Hi, I want to participate in this year's GSOC and I would like some feedback to 
choose a project that suits me and helps the community. I am a 
neuroscience/engineering undergraduate student in Uruguay, self-taught 
programmer (javascript, python). A while back I saw Bret Victor's "Inventing on 
Principle" talk and the Light Table demos (which led me to clojurescript) and 
got terribly excited about them, and how they hint at the immense potential of 
programming as a tool. On the other hand, Bret Victor's other talk "The Future 
of Programming", and a comment by Neal Stephenson say in an interview about how 
the generation before him had gone to the moon, while this one's greatest minds 
were wasted writing spam filters, made me wonder if we are stuck in rut. Every 
new library adding incidental complexity, as clojurians like to say, instead of 
helping us adress the problems we actually want solved.

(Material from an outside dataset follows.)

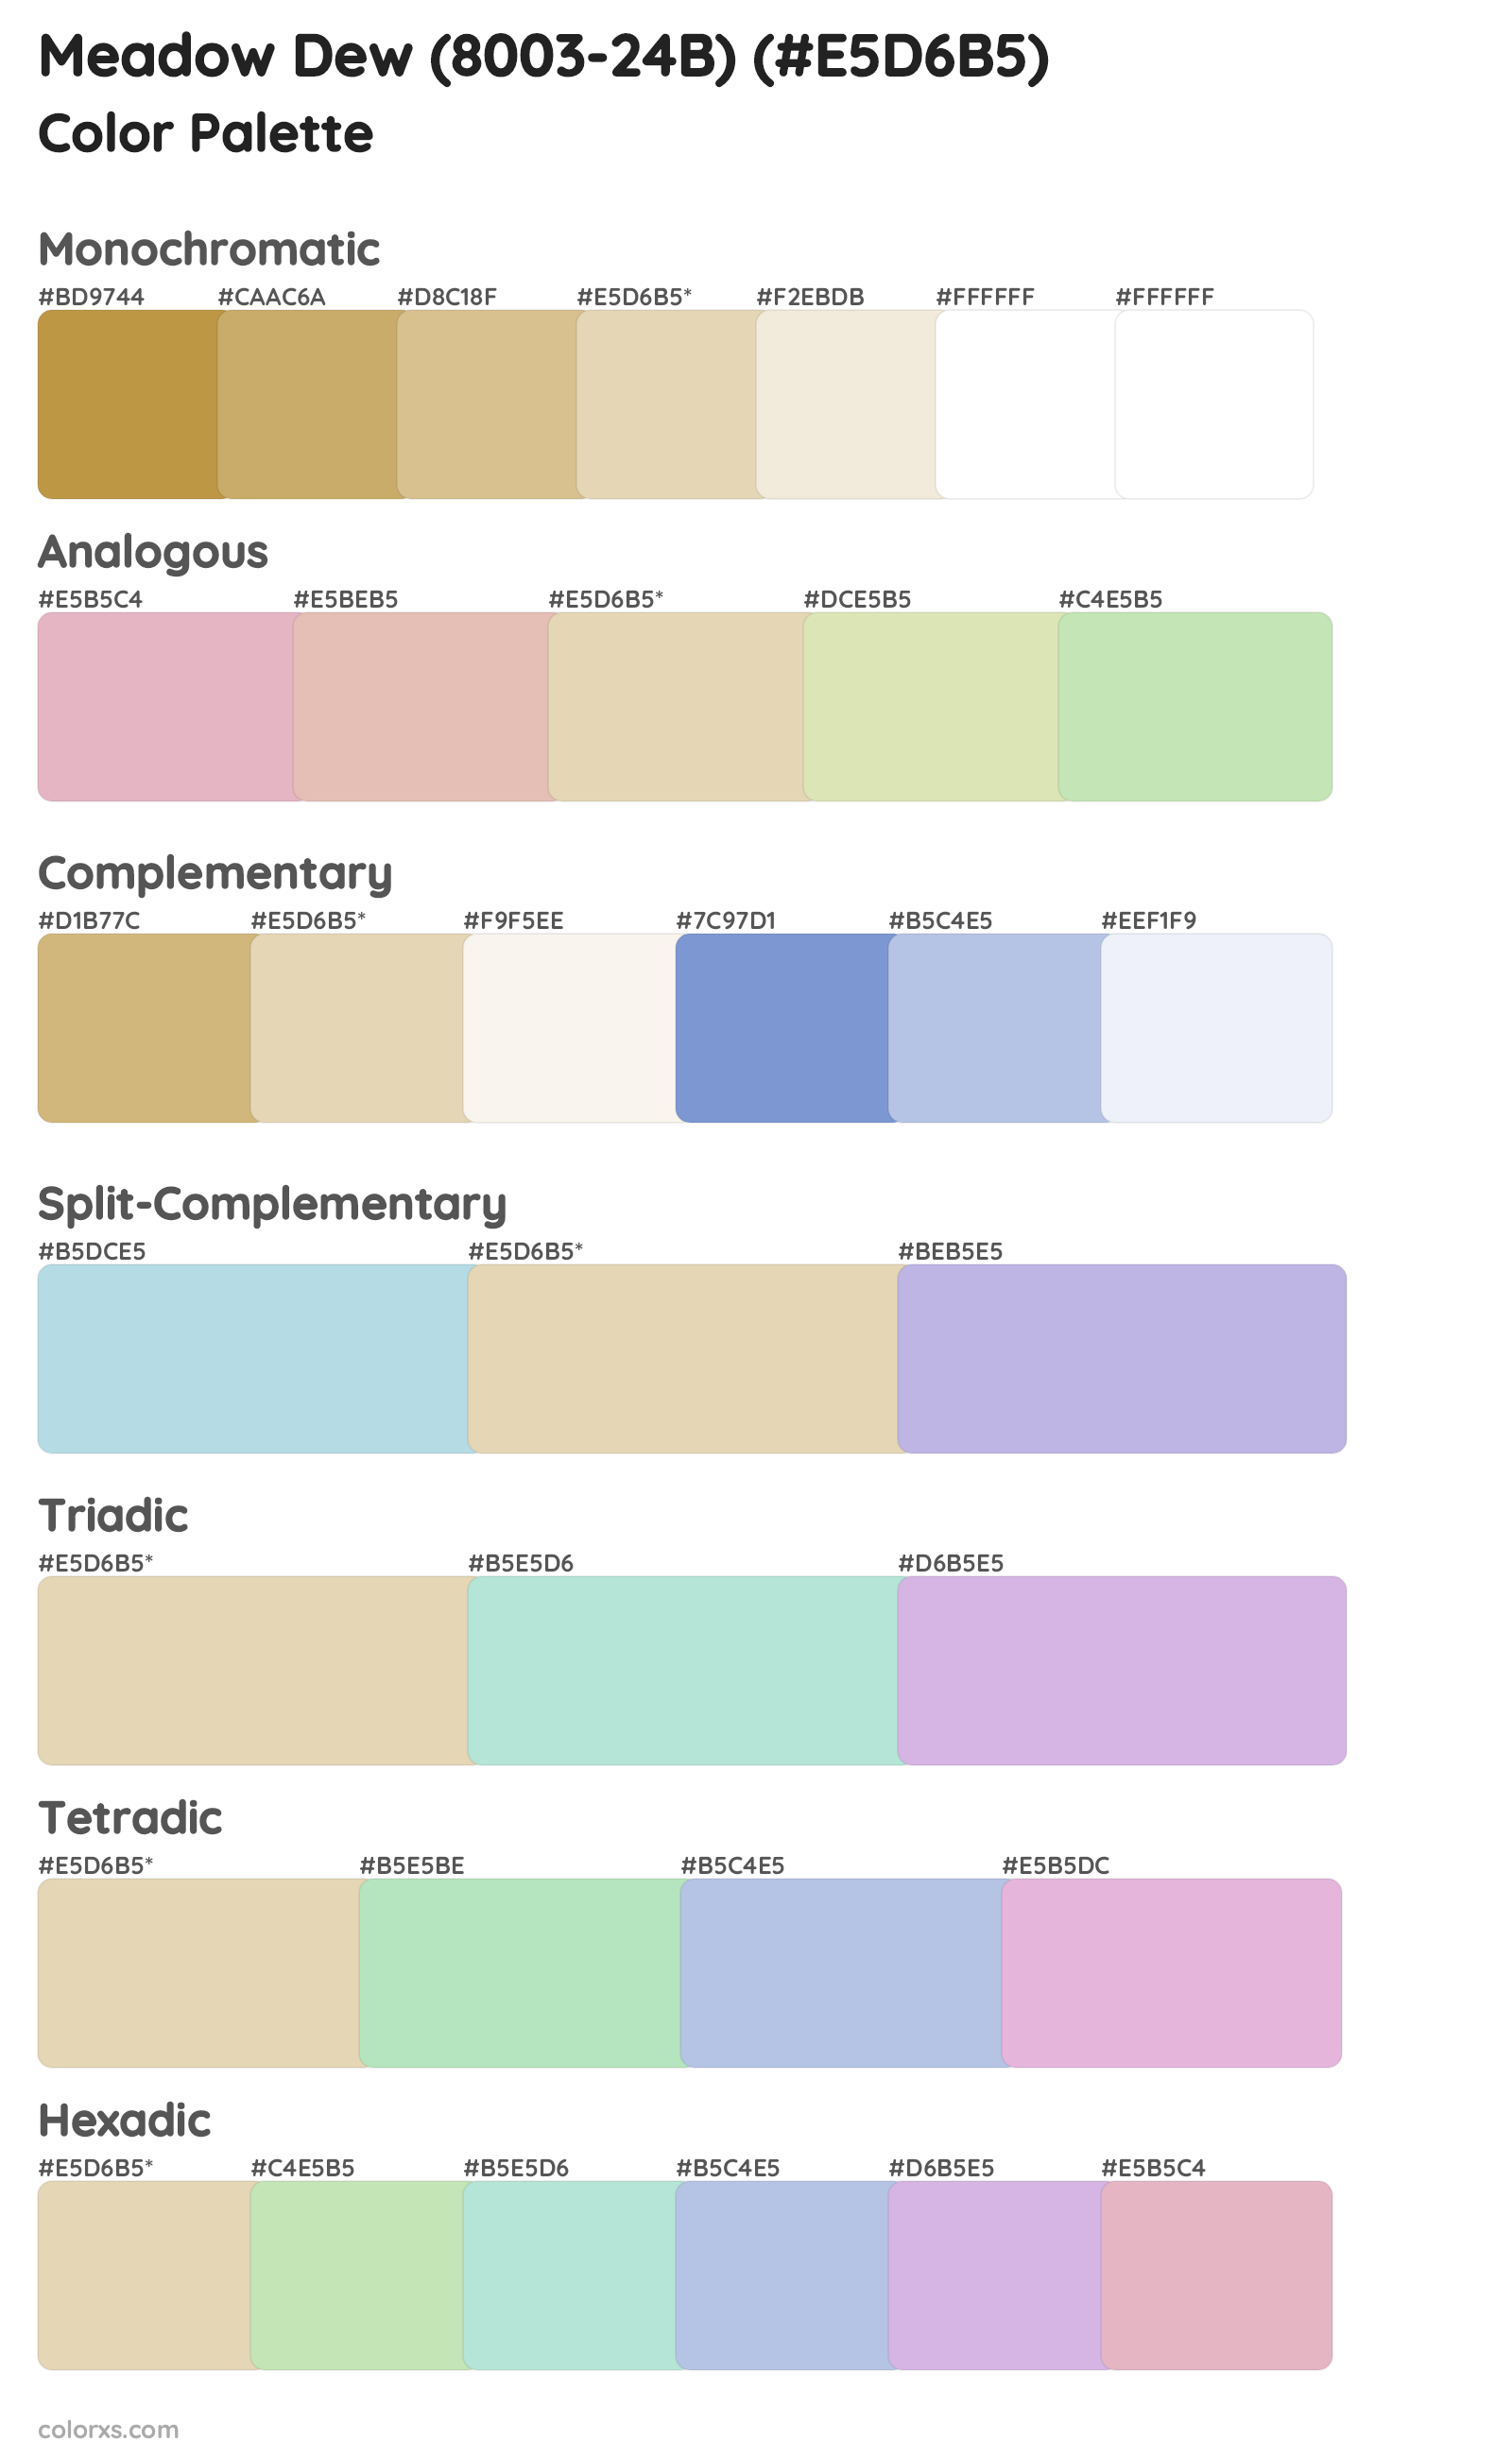 Meadow Dew (8003-24B) Color Scheme Palettes

Clojure promises to 
solve some of those issues, and I have already experienced some of it's power 
and flexibility while implementing a still very basic version of Bill Gosper's 
hashlife algorithm.

Sorry for the rant. I only wanted to convey my motivation. More to point, here 
are my two questions:

Light Table is a very interesting platform for experimenting new things 
regarding the way we program, and I meant to apply for GSOC there, but they 
didn't get accepted. Is there any way Clojure might take them under their wing, 
like python acts as an umbrella organization for numpy, sympy, etc?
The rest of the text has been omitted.